DATASET RECORDS:
BEGIN

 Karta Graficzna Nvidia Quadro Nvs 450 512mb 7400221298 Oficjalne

END
BEGIN

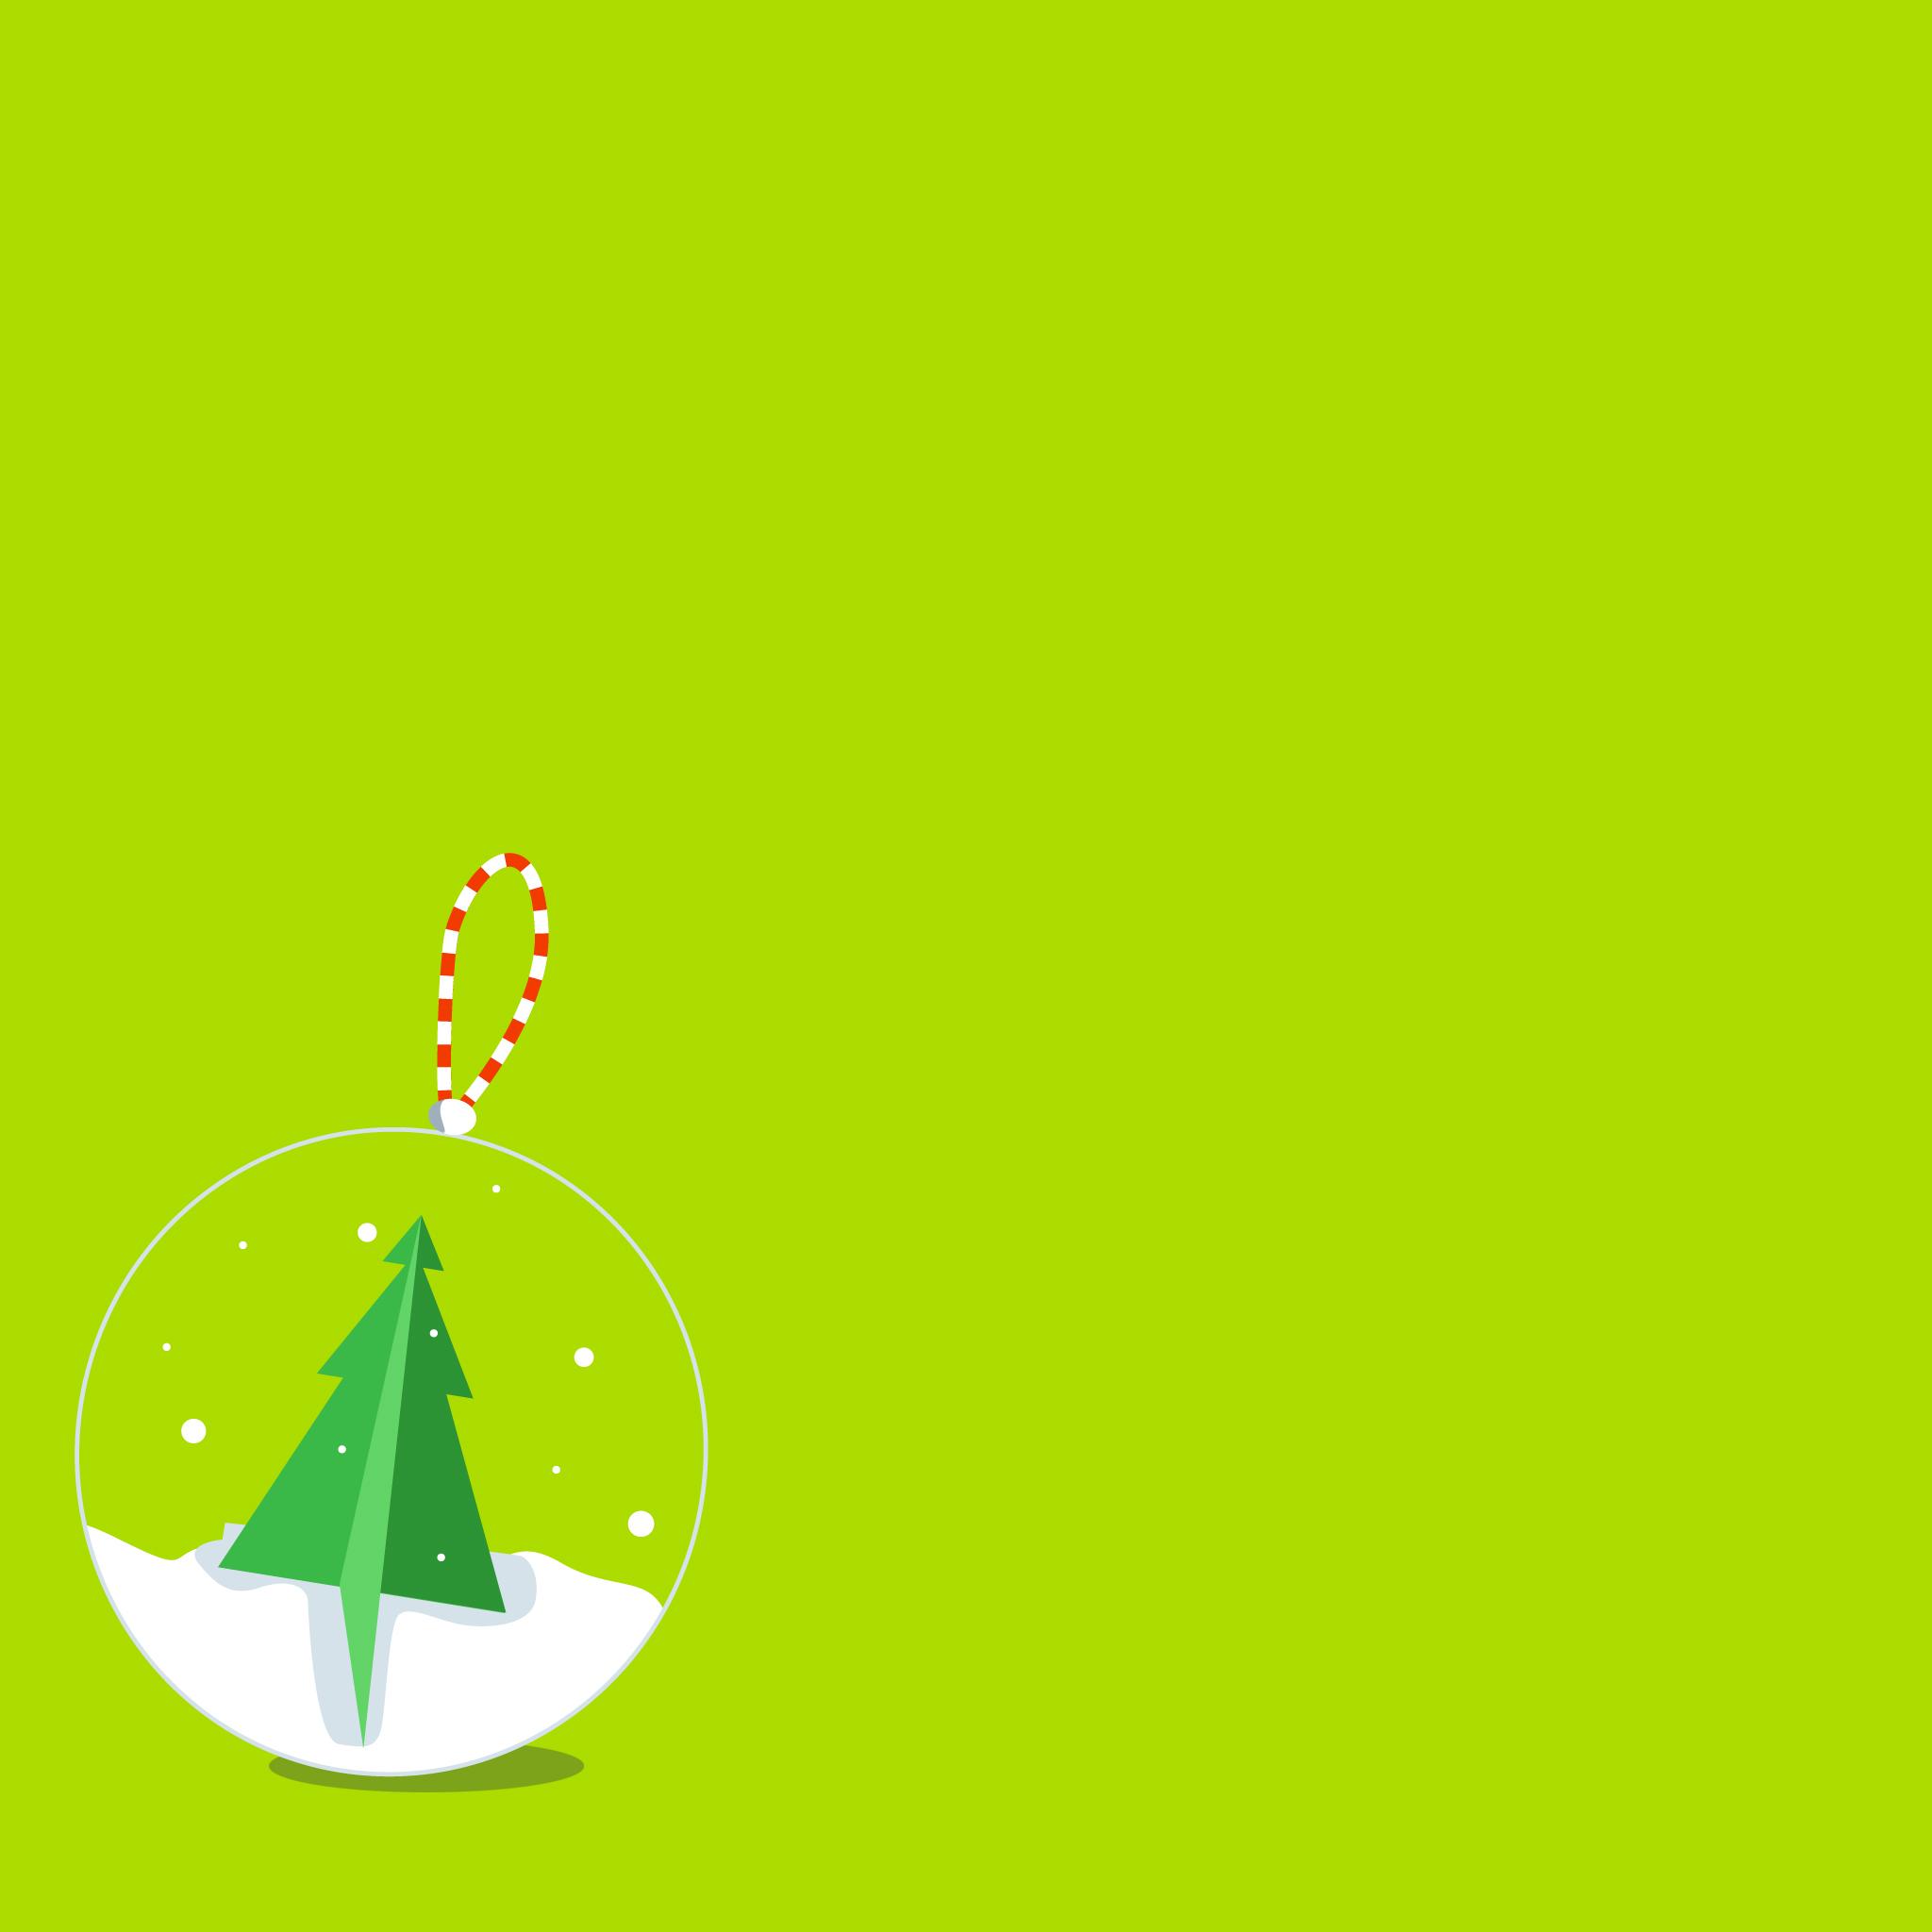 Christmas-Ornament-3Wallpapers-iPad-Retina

END
BEGIN

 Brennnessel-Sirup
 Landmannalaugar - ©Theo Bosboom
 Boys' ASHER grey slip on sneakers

END

INSTRUCTIONS FOR THE TASK:
Your answer should be the lines of the listing above between the line holding "Brennnessel-Sirup" and the line holding "Boys' ASHER grey slip on sneakers", inclusive, restated word for word and alone.

SOLVED PROBLEM:
 Brennnessel-Sirup
 Landmannalaugar - ©Theo Bosboom
 Boys' ASHER grey slip on sneakers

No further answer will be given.